Ow, those can cuts are awful. My arms are covered with scars from burns, I've gotten "bar rot" - a fungus under my fingernails from my hands being in water so much that caused really painful splitting and cracking. Cuts of course, but more from shellfish than knives (and I'm allergic to shellfish...hee! makes for such pretty hands). One time I hit the front of the convection oven with the back of my wet hand. Omg, it *seared* my flesh.

I keep telling my fiancee that I'm going to take two weeks off before our wedding so I don't have any fresh scars!

Good lord, what injuries haven't I acquired?
There's the dry ice burn from when we were playing around with dry ice ice cream recipes.
The burn on my arm that's now a permanent scar from checking the temperature on a turkey whose pan was resting on my arm and I forgot the fact that I had rolled up my coat.
The permanent callus on my right forefinger and thumb from opening too many bottles of Pabst Blue ribbon.
The edge of my first finger I shaved off while cutting bread during the Friday night rush.
The scar from a duct being picked up and scraped against my leg when we were doing expansion construction.
Oil burns from seeing what tastes good deep fried (tempura battered grapes are the best, chocolate torte the worst).

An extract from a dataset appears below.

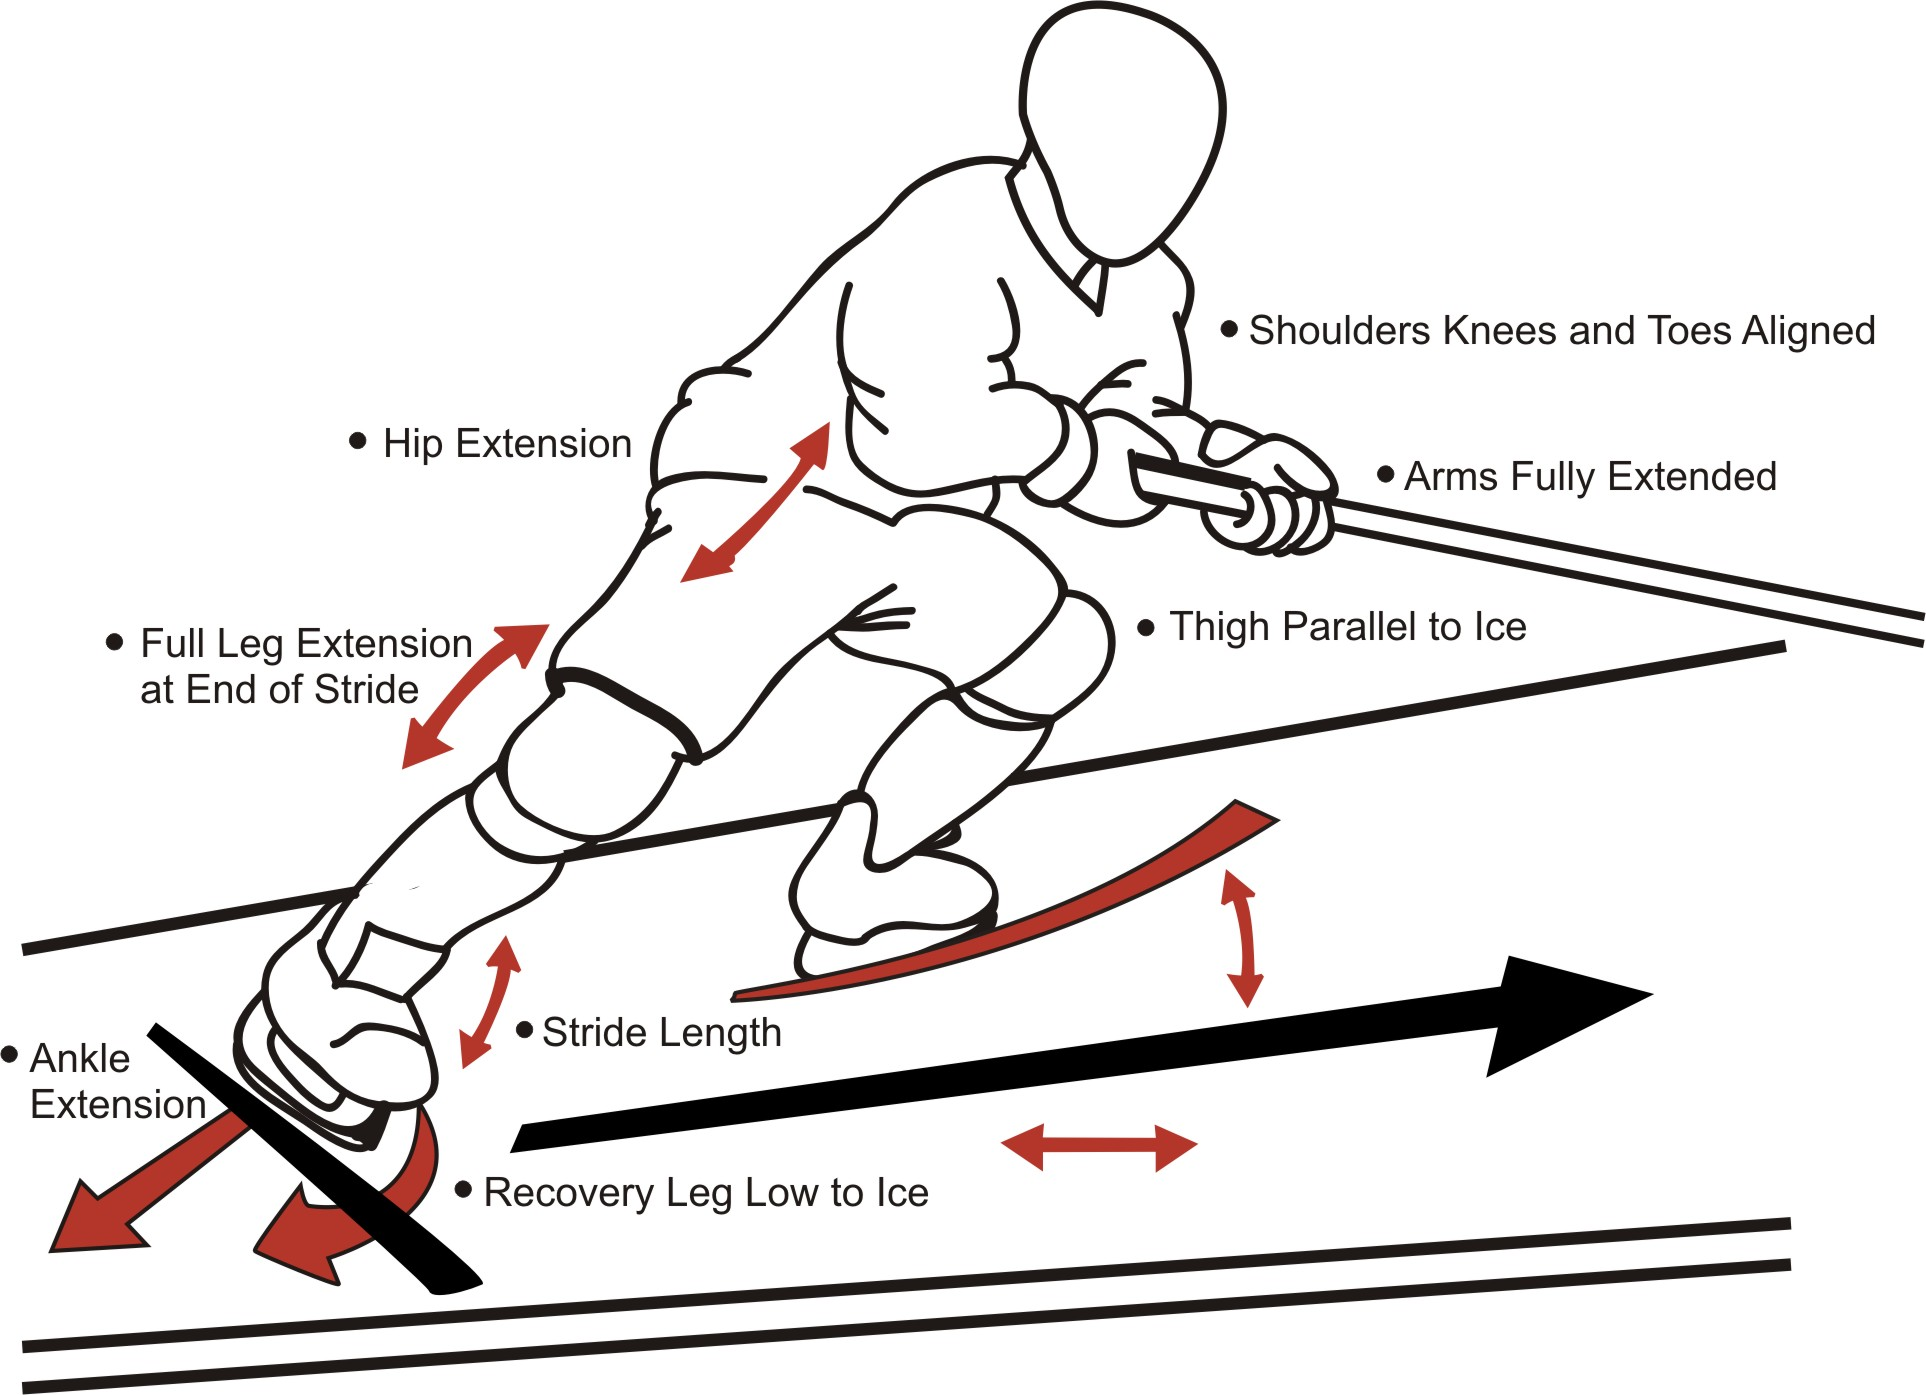 hockey player diagram hunter ceiling power skating development etobicoke dolphins

The boys around here would mention server's butt and their affection for corn starch.

I melted my contacts once: steam came out of an oven, and all of a sudden my eyes hurt. Then I realized that I couldn't see right. The contacts had shriveled up and fell out when the steam hit them.

At the same job, the boss broke my ring finger by dropping a case of turkeys on it.

@Bridget: Ah corn starch. Reminds me of my fellow line cooks at Park Avenue Cafe back in the day. It works but makes a slurry after 10 hours, I assure you.

Like everyone so far, I've had my share of cuts and burns (including one my chin that I will never forget), but the strangest on-the-job malady was when a cook I worked next to at Mesa Grill got warts from handling a lot of meat.

@rasellers0: Yeah. I don't imagine you'd see it that much. You'd really have to be doing the exact same things the whole day for many days to get it. As far as I can tell, baristas usually are making a variety of different drinks with different methods. So maybe if you were at some kind of trade show and repeatedly making the same exact drink to promote it... Or maybe if you work at a shop that makes only one labor intensive drink...

@ Bridget tell the boys about a powder I found at the drug store called "Anti Monkey Butt" it has calamine in it, it works for sure!! The label is hilarious a big monkey with a red rear end. I used to get cuts from the foil on wine bottles too!! Now its mostly neck strain from looking down so much prepping food. My chiropractor tells me to ice it but I'm too lazy when I get home.

I had an employer who refused to fix the oven door. The repairman didn't replace the screws holding the outer and inner pannels when he fixed the springs in the door. I had reported it several times. One night during service, I put a steak in the oven to finish, and the door separated, burning my arm with a nice 500 degree sear. I was furious. I told the owner that unless he had it fixed by the next service, I would file worker's comp, call OSHA, and quit (it was during tourist season, and it was a tiny restaurant). The other line cook said he wouldn't cook anything else that had to go in that oven until it was fixed. The door was fixed by the next day. Why couldn't they just fix it the first time I said something about it?

The worst definitely had to be the day the chef was having a really bad day and was incredibly pissed off (I can't remember at what). I was working the grill/griddle and when the order came in for some grilled chicken sandwiches, he threw the breasts at full force on the grill, splashing hot grease all over my face and neck. I was quite the attractive guy for the next month.

Then there were the deli slicer fingertip injuries, knife injuries and my favorite was that I developed severe excema on my hands from all my years in the kitchen and pretty much couldn't touch anything (citrus, tomatoes, dishwater, cleaning supplies, you name it) without searing pain for about 3 months. Good Times.